Edward Parker and Michael Vermeer want a contest!
NIST [U.S. National Institute for Standards and Technology] and others in the cryptography community are carefully analyzing several PQC [post-quantum cryptography] algorithms to try to catch any potential vulnerabilities. But it’s almost impossible to mathematically prove the security of most cryptography algorithms. In practice, the strongest evidence for an algorithm’s security is simply that many experts have tried and failed to break it. The more people try to attack the new PQC algorithms and fail, the more likely it is that they are secure.
One possible option for further crowdsourcing the analysis of NIST’s final candidate PQC algorithms would be a contest in which the general public is invited to try to break them. As hundreds of companies that offer public bug bounties have discovered, crowdsourced penetration testing can be a very useful tool for improving cybersecurity. The U.S. Departments of Homeland Security and Defense have also recently experimented with offering bug bounties to anyone who discovers cyber vulnerabilities in the departments’ systems. A public contest certainly can’t replace a mathematical security analysis, but it could be a useful complement that provides additional evidence of the algorithms’ security. [Lawfare]

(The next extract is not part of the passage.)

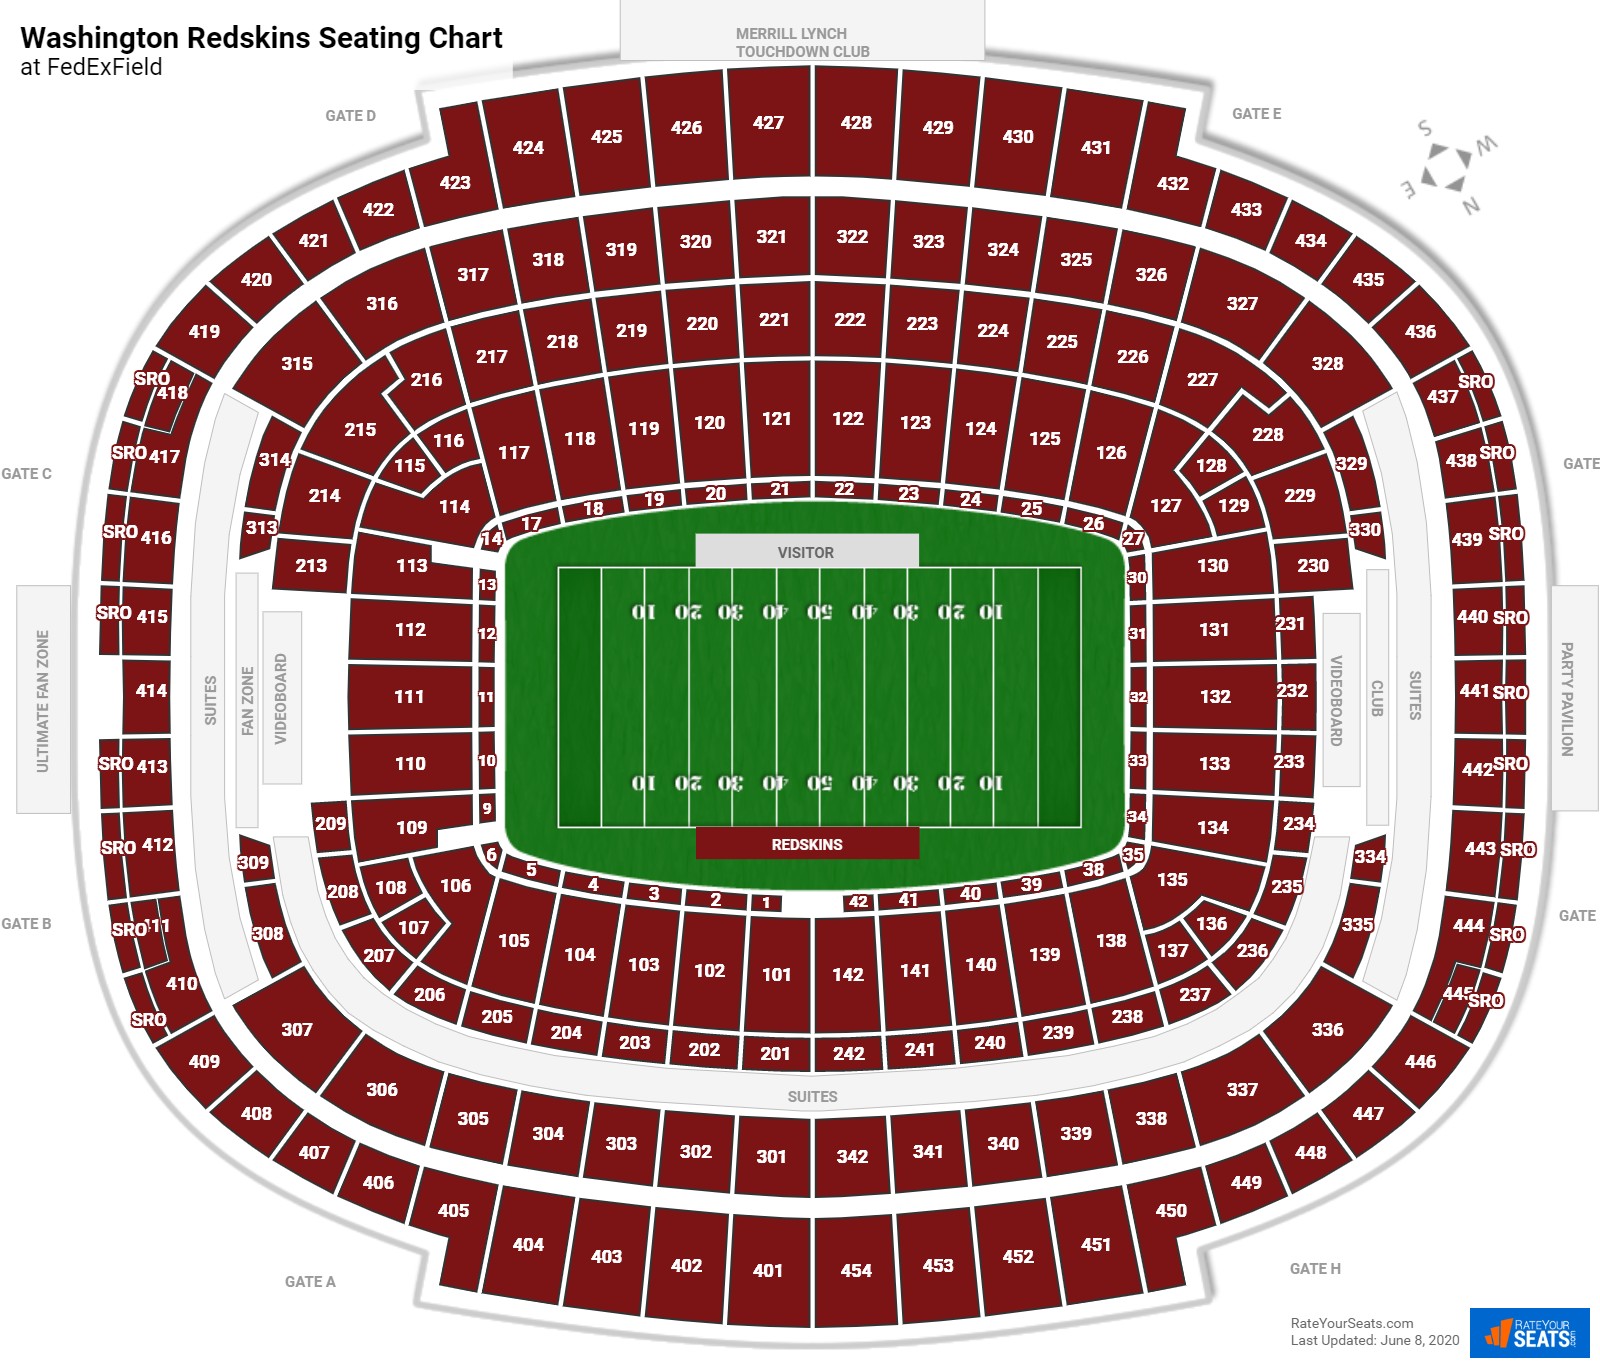 Fedex Field Seating Chart With Seat Numbers Elcho Table
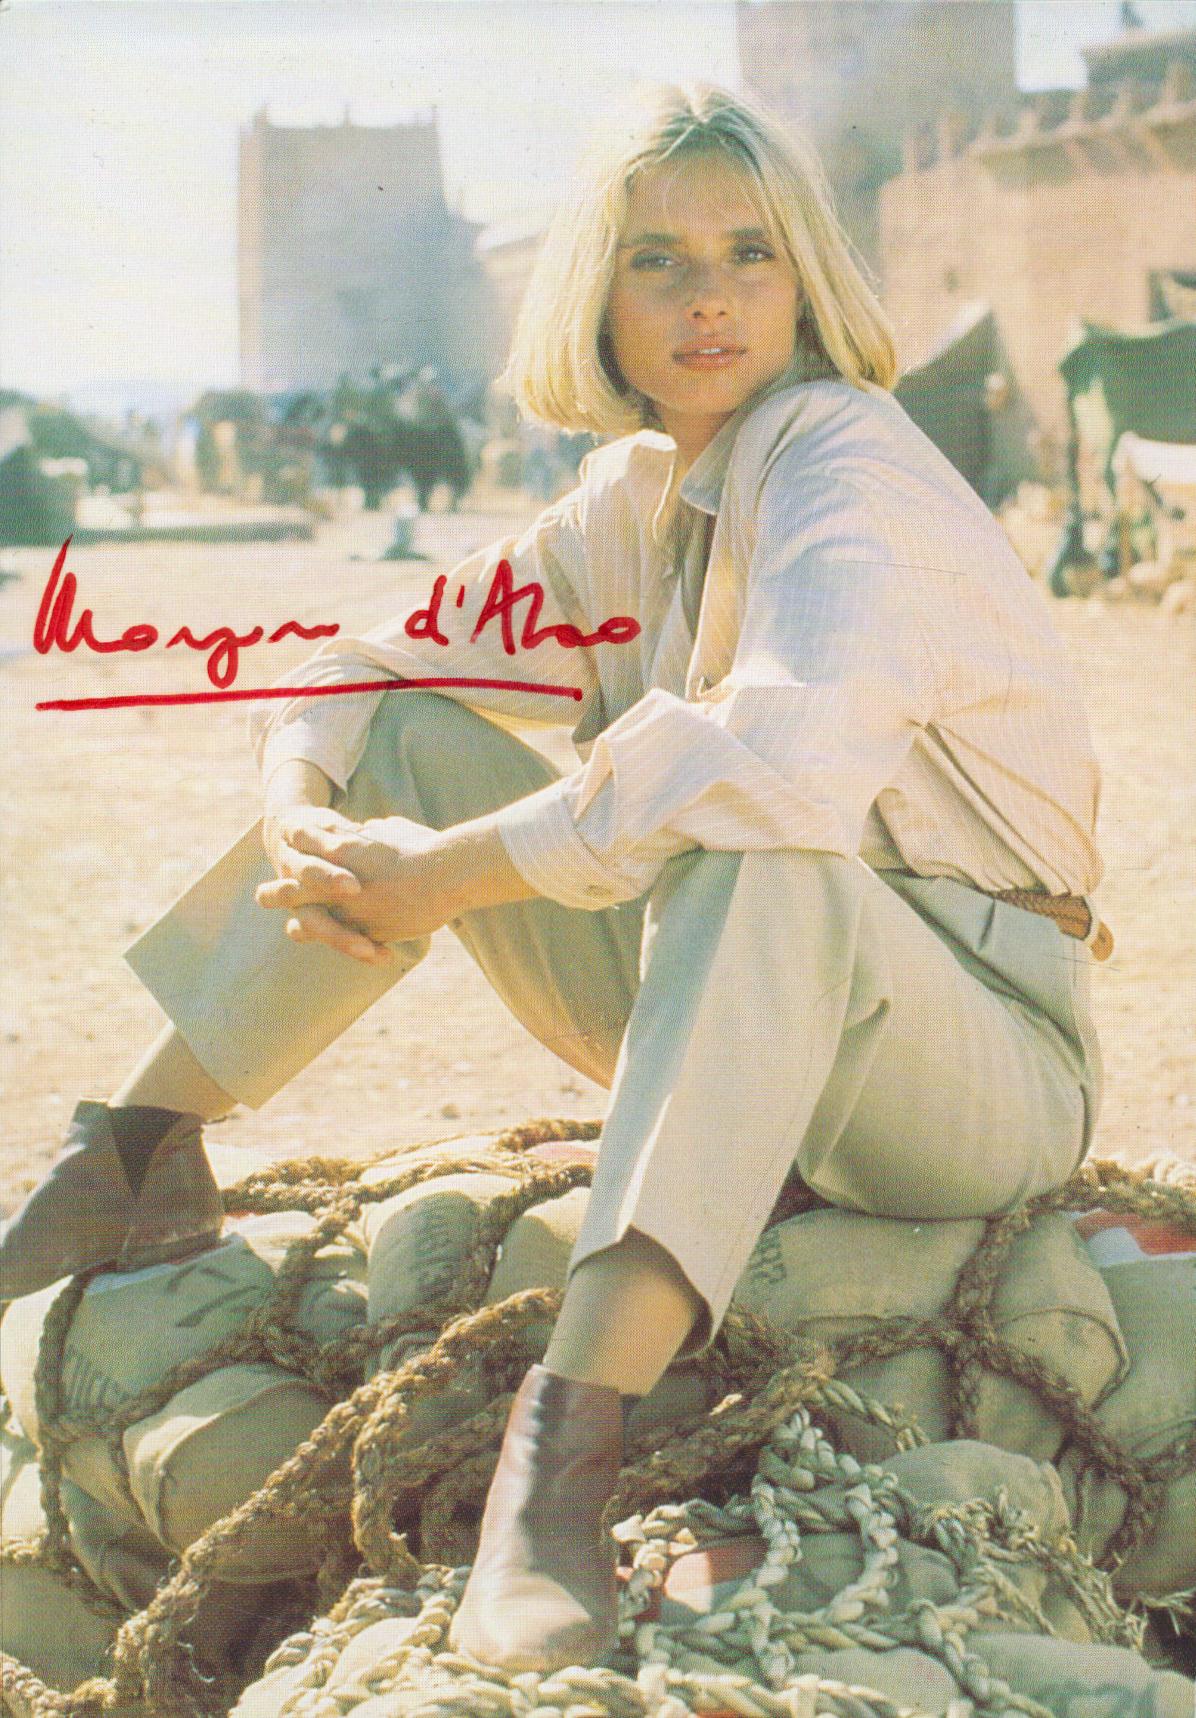 Maryam D'Abo James Bond actor signed 6 x 4 inch colour 007 postcard. British actress, best known

Parker and Vermeer address and repudiate the usual objections to such a contest, and I tend to agree – let “the public,” a necessarily self-selecting group of mathematicians, both professional and amateurs, have a go at it. Both cash and notoriety will accrue to anyone who actually finds a weakness in any of the algorithms.
And may result in the development of new mathematical techniques and tools. Win-win?